JobSchedulerService registered ReportEmailer instances as event subscribers (schedulerService.OnJobComplete += emailer.Notify) but never unsubscribed. Because JobSchedulerService was a Singleton (alive for the app lifetime), its delegate's invocation list held strong references to every ReportEmailer ever created. None could be GC'd.
Added IDisposable to ReportEmailer with _schedulerService.OnJobComplete -= Notify in Dispose(), and registered it as Scoped so the DI container called Dispose() after each request scope. The weak event pattern (WeakEventManager) was considered but deemed overkill for this case.
Takeaway: In .NET, 'publisher outlives subscriber' is the #1 cause of event-related memory leaks. If your subscriber is shorter-lived than the publisher, you MUST unsubscribe β the GC will not save you.
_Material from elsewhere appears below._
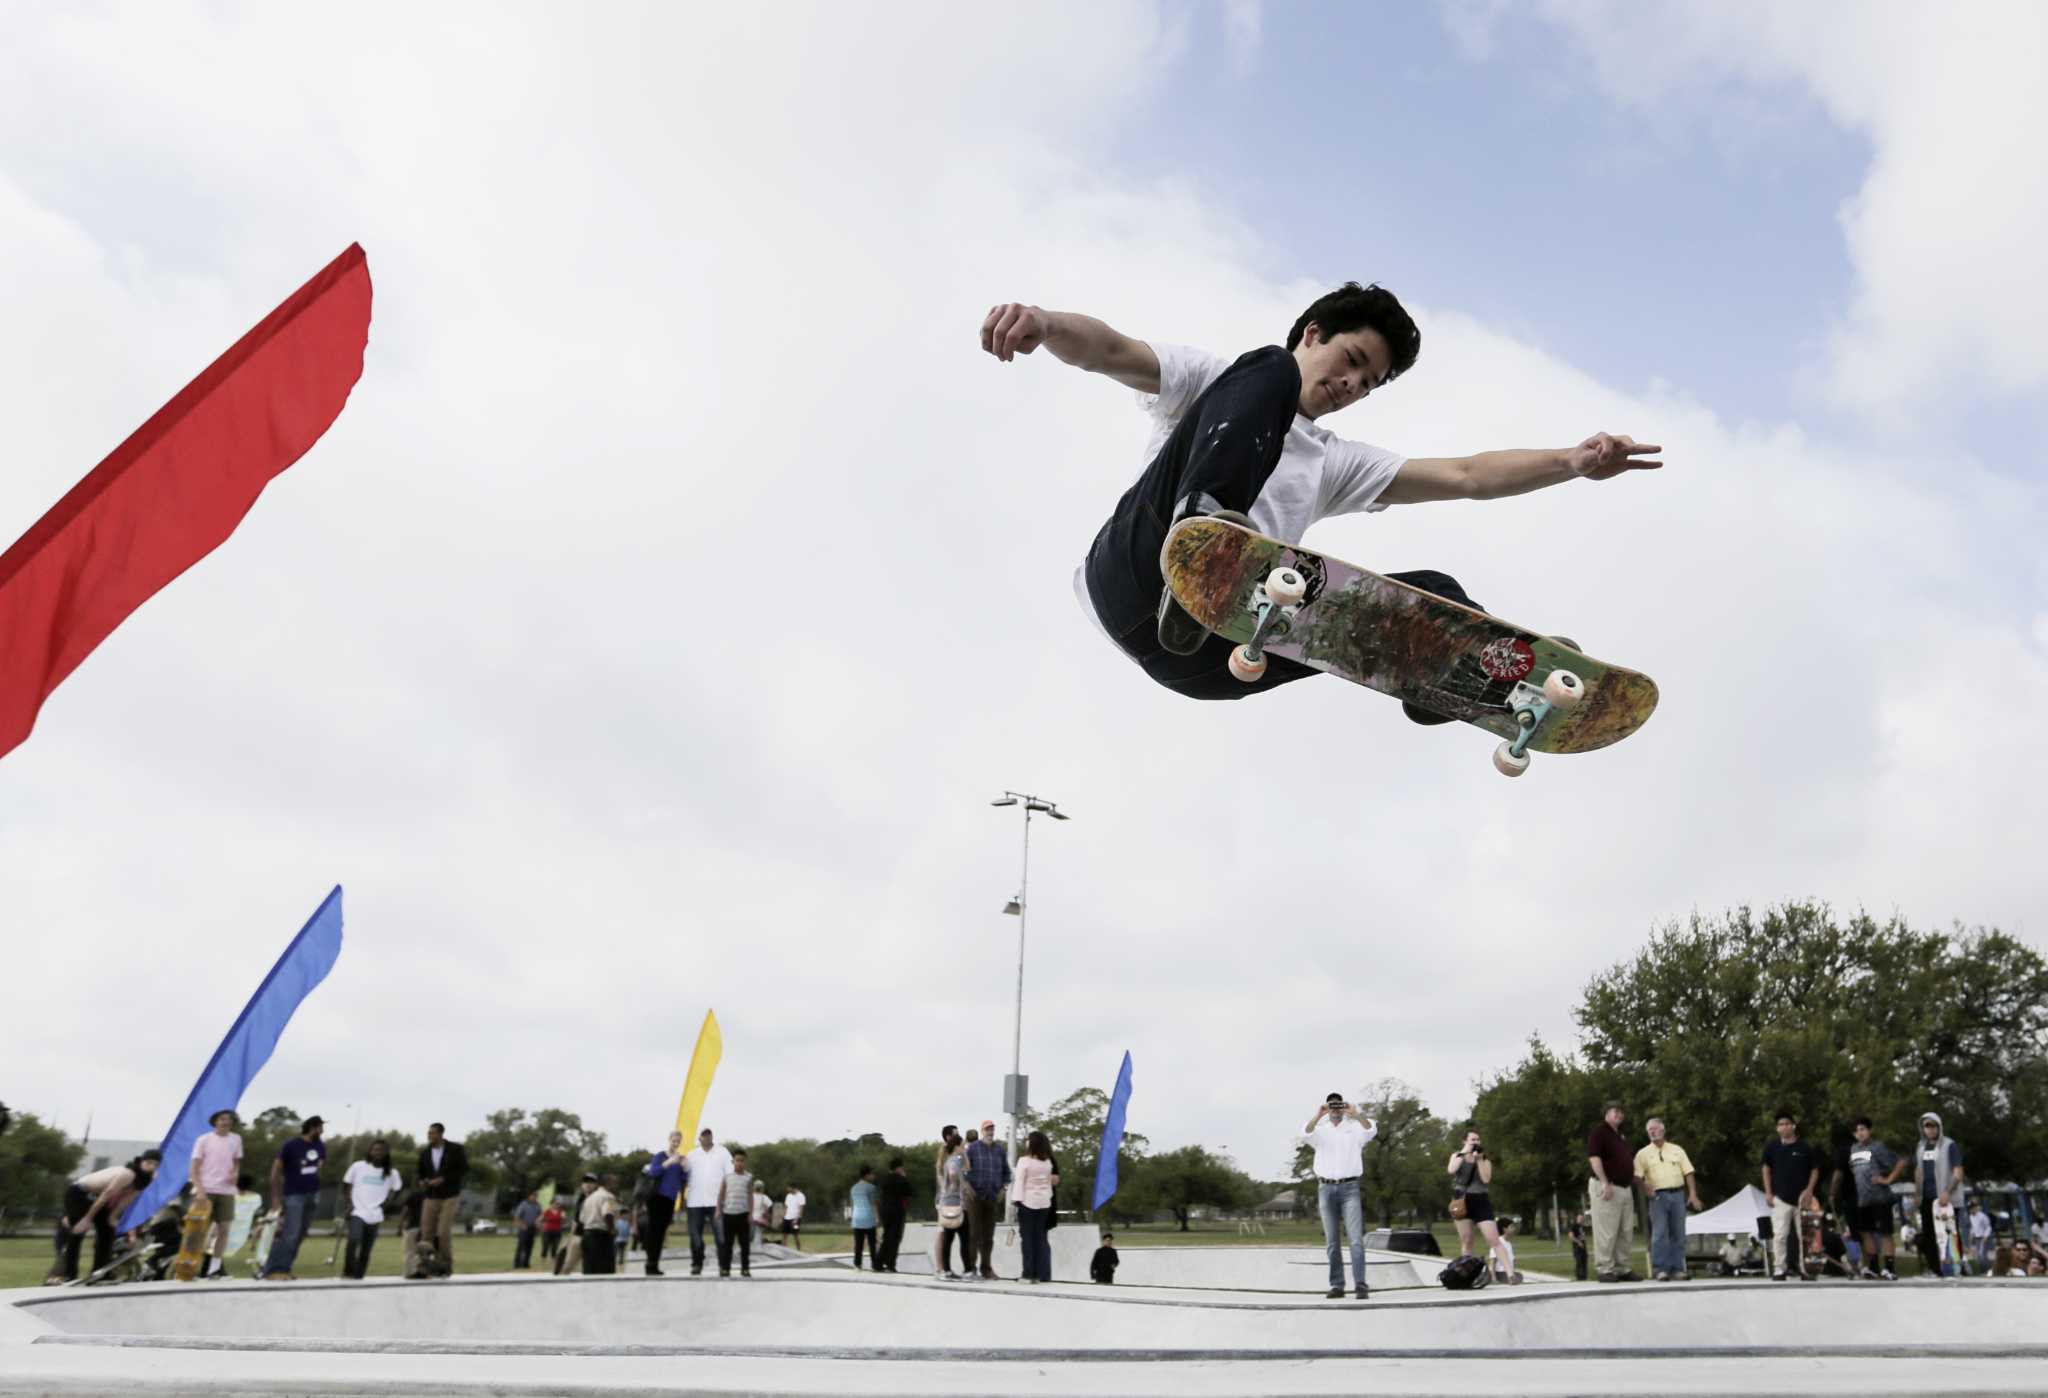 Gulfton-area teens see dreams of skateboard park fulfilled - Houston Chronicle

2Invocation List Exception Swallowing
Our e-commerce platform had an OrderPlaced event with 4 handlers: logging, inventory reservation, email notification, and analytics. The logging handler started throwing intermittently due to a log sink outage. Result: inventory was never reserved and customers received no confirmation emails for ~2 hours.
C# multicast delegates abort the entire invocation list on first exception. LoggingHandler was at index 0. When it threw, InventoryHandler[1] and EmailHandler[2] were silently skipped. The exception was caught at the top of PlaceOrder and logged as 'logging failed' β nobody noticed that orders were being accepted but not fulfilled.
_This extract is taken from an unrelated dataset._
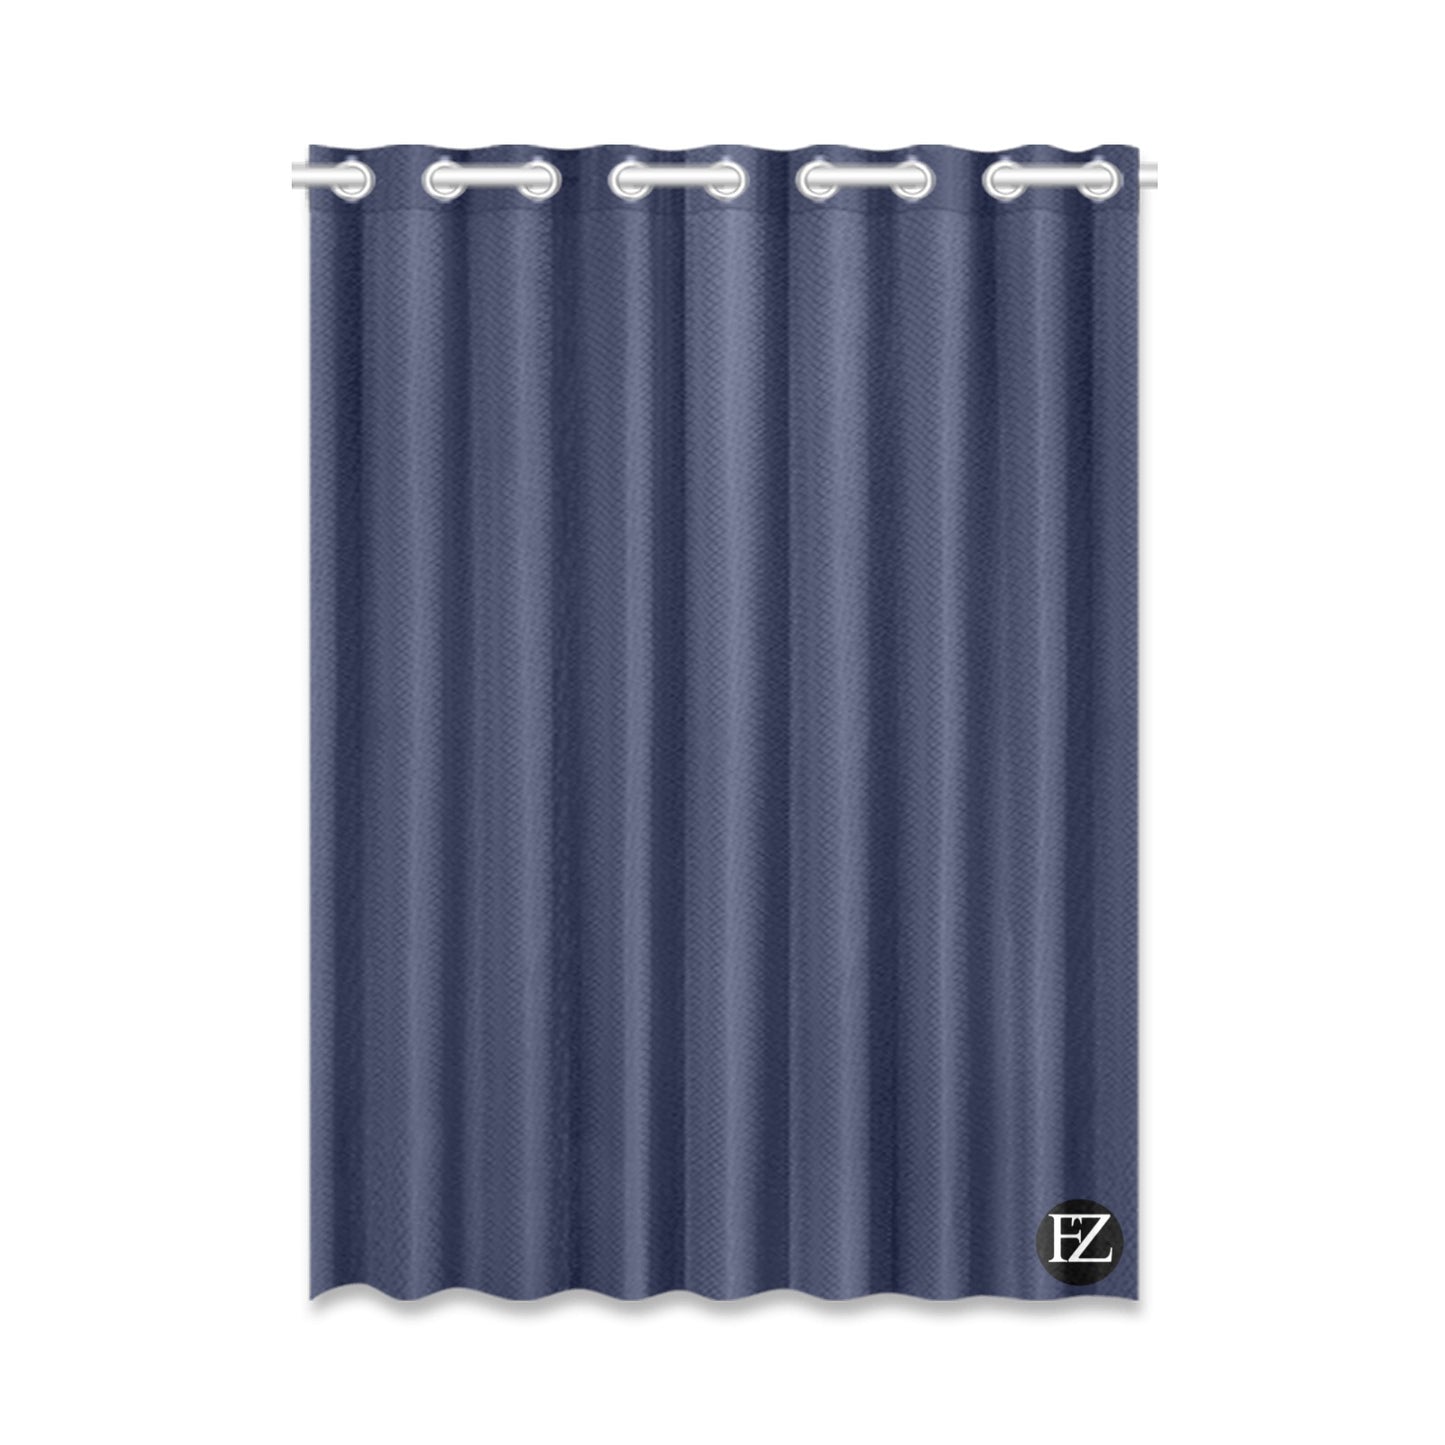 fz window curtain one size / fz room curtains - dark blue window curtain 52" x 72" (one piece)

Replaced the single event raise with explicit GetInvocationList() iteration with per-handler try/catch. Each handler failure is logged independently and does not block subsequent handlers. Critical handlers (inventory) were moved to a separate, guaranteed execution path using an outbox pattern.
Takeaway: Never assume all handlers in a multicast chain will execute. Either wrap each in try/catch via GetInvocationList(), or use a proper message bus (MediatR, NServiceBus) for production event dispatch where partial failure handling matters.